◆ Dataset section ◆
^^^^^^^^^^^^^^^^

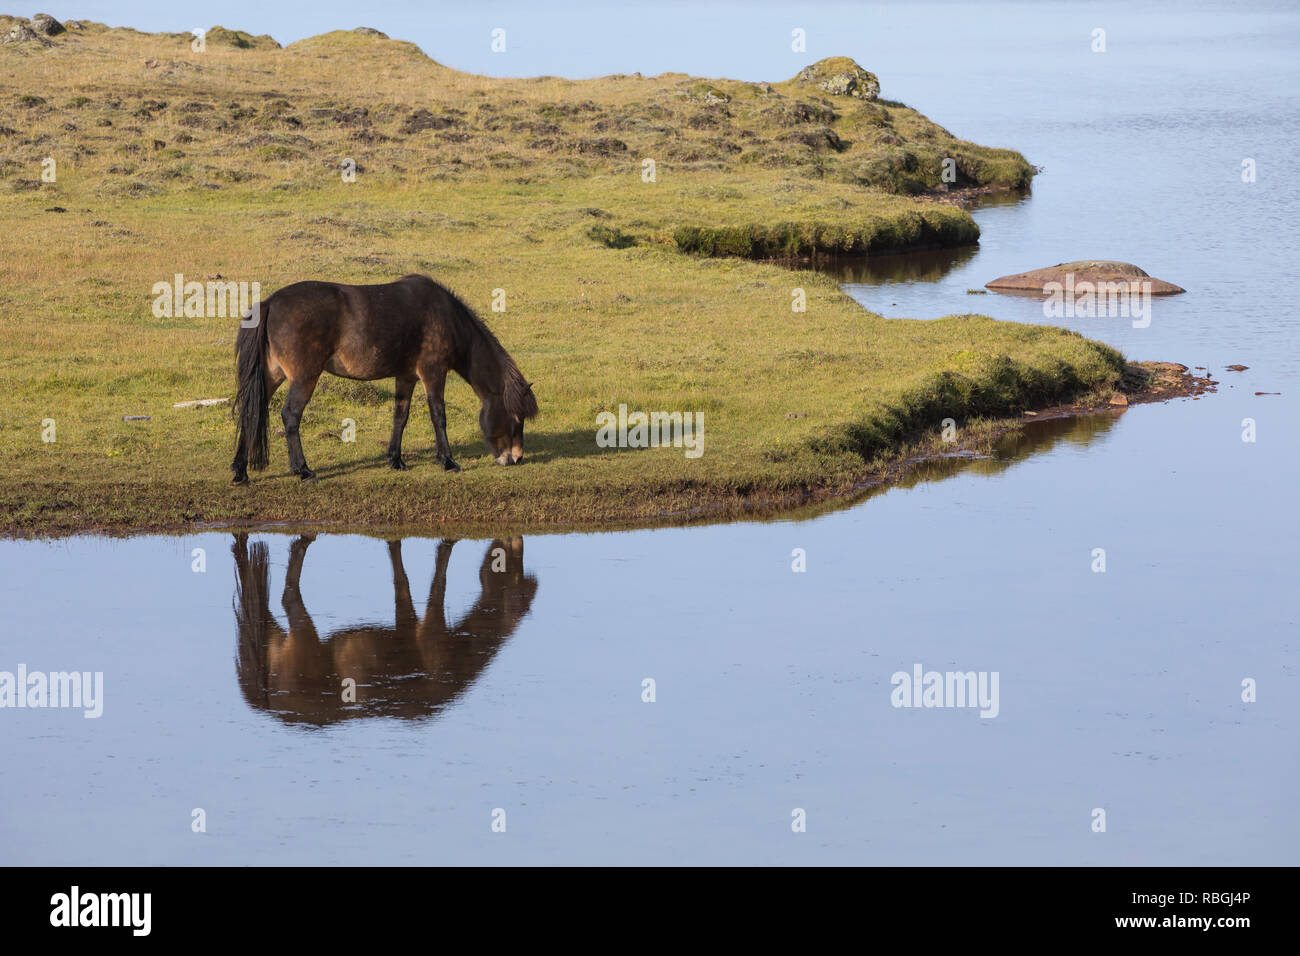 Islandpferd, Isländer, Islandpony, Island-Pferd, Isländer, Island-Pony, Pony, Ponies, Wasserspiegelung, Spiegelung, auf Island, Icelandic horse, Icela Stock Photo
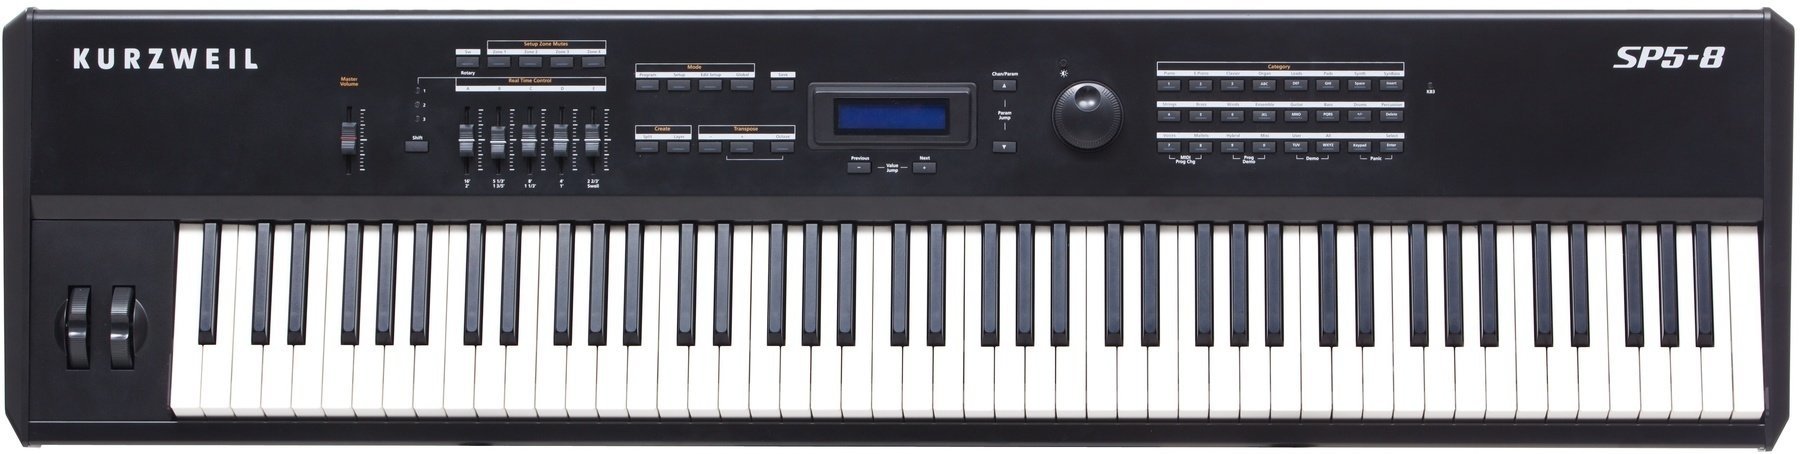 Ψηφιακό Stage Piano Kurzweil SP5-8
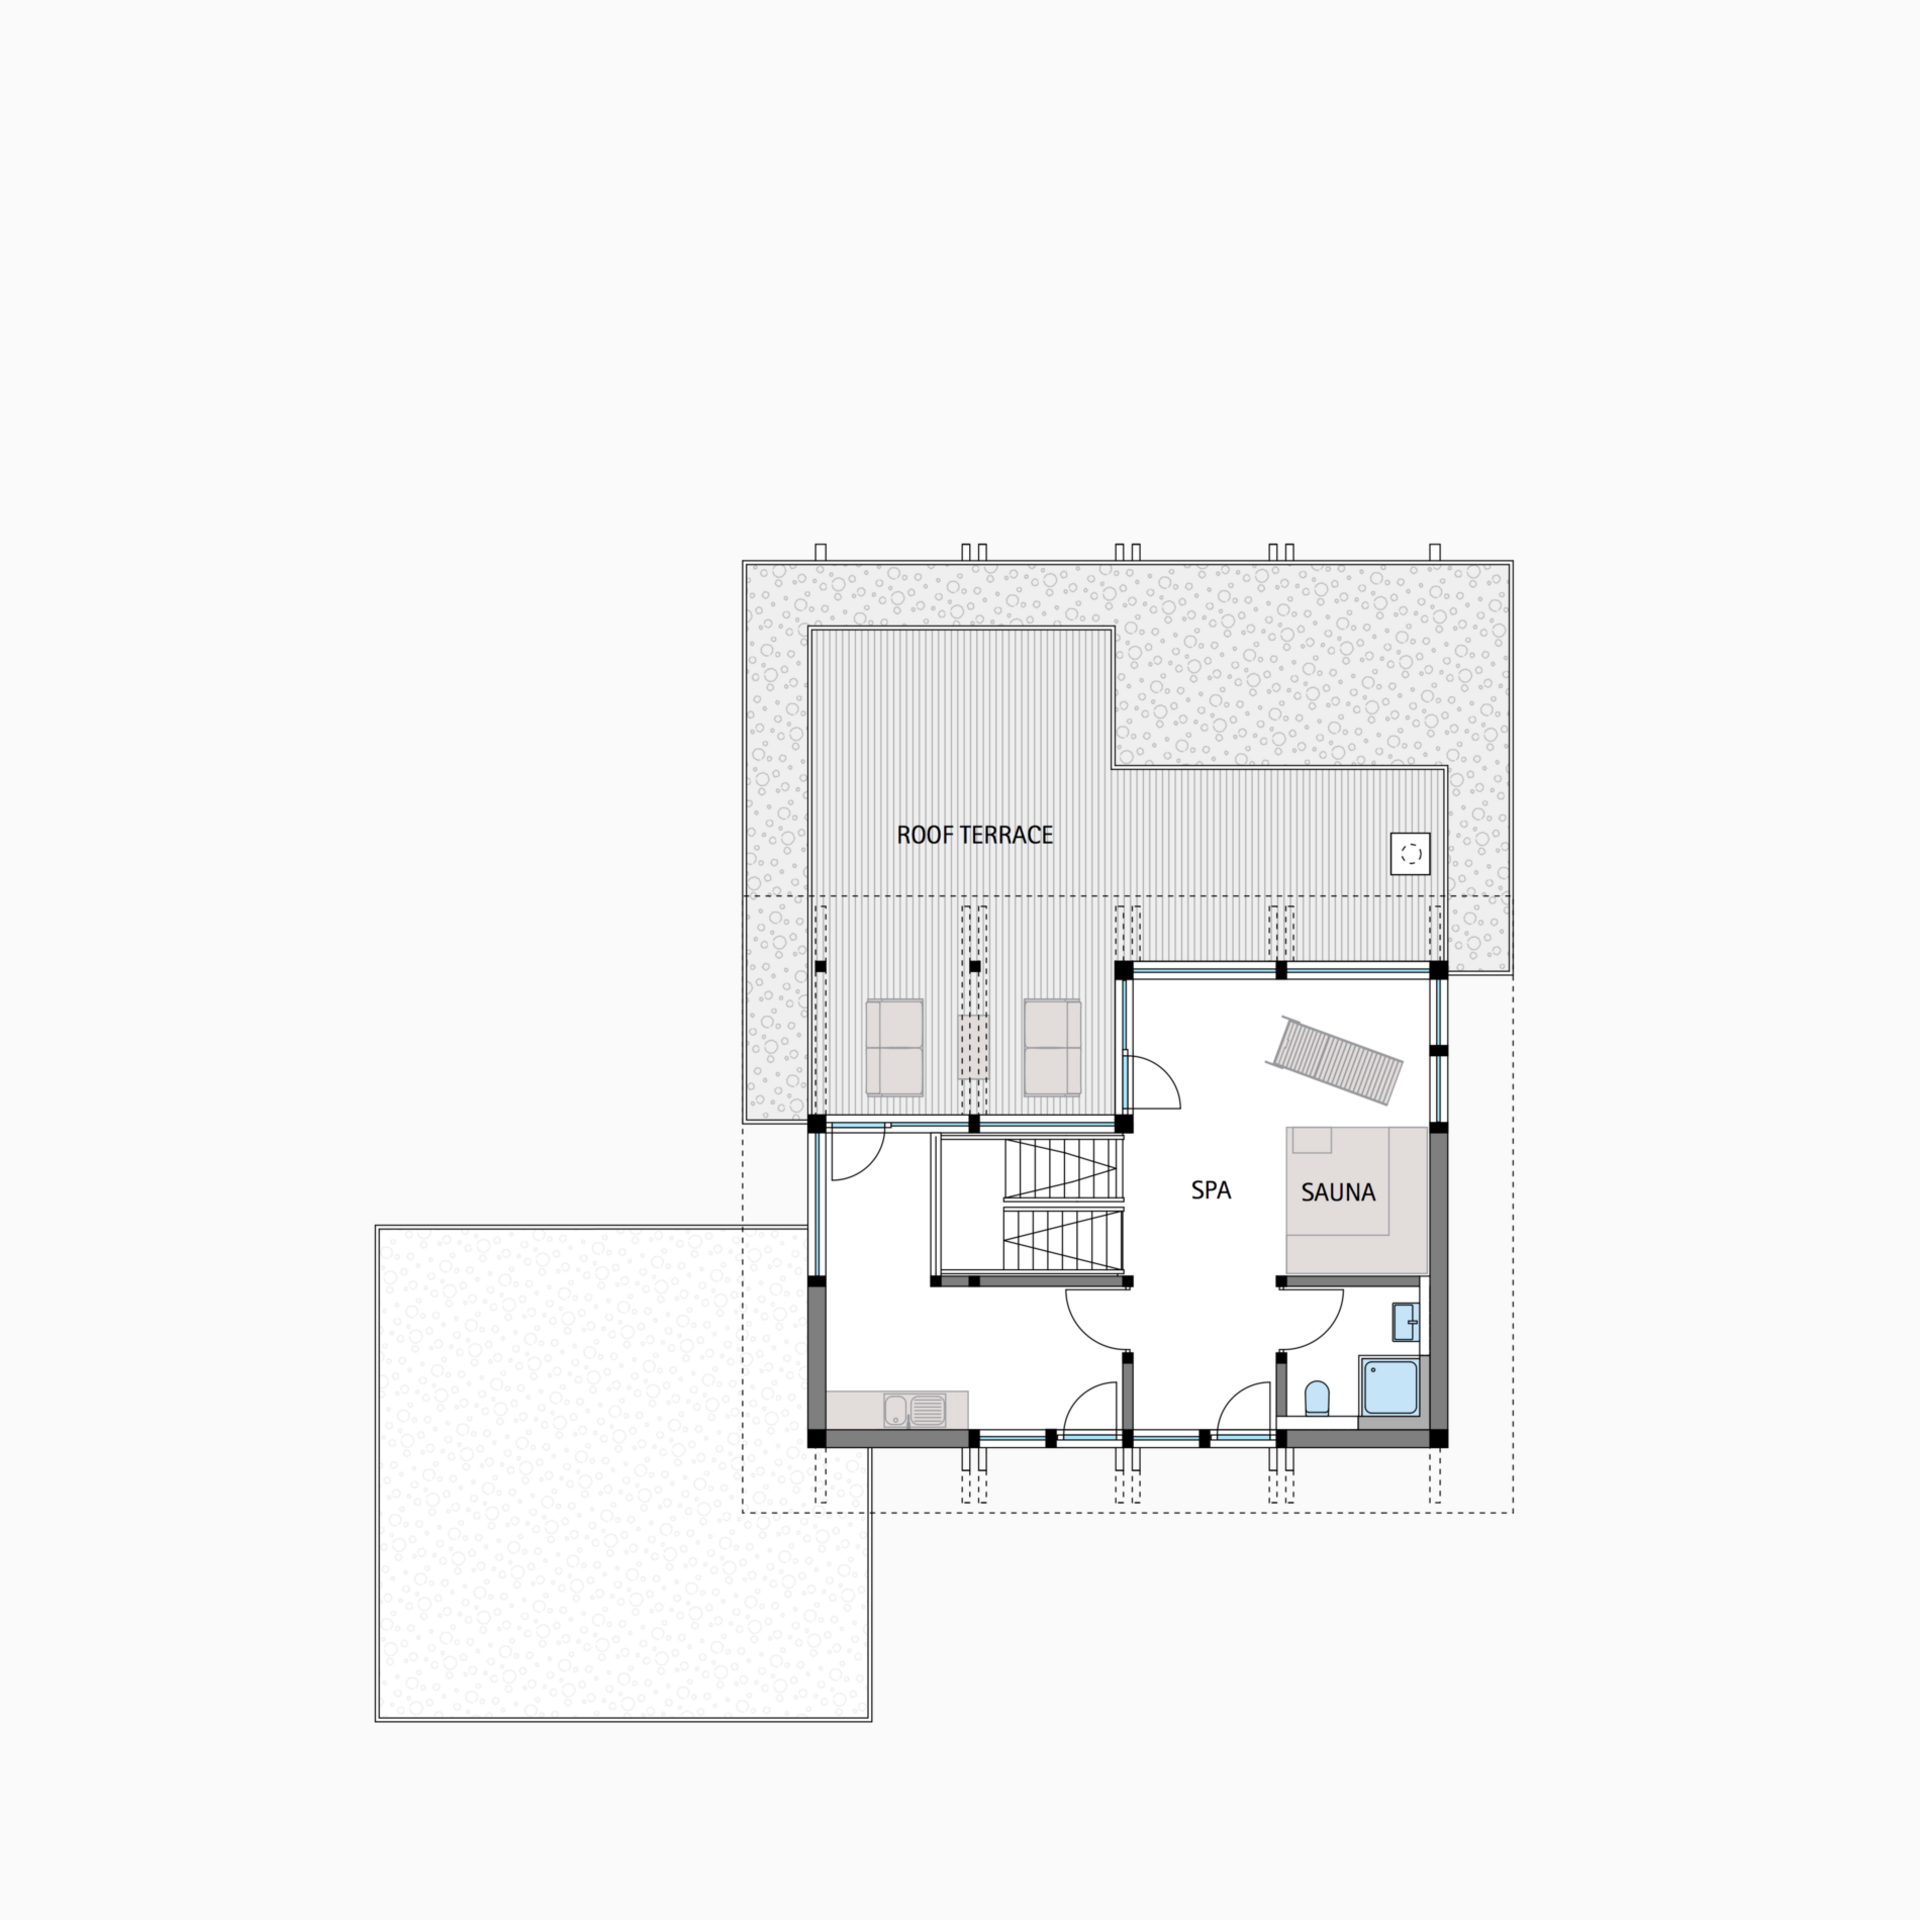 HUF house floor plan second floor flat roof

^^^^^^^^^^^^^^^^

◆ What this task involves ◆
The output should hold only the lines from the one containing "Ψηφιακό Stage Piano Kurzweil SP5-8" through the last line of the listing, reproduced exactly, pictures omitted.

◆ Answer ◆
 Ψηφιακό Stage Piano Kurzweil SP5-8
 HUF house floor plan second floor flat roof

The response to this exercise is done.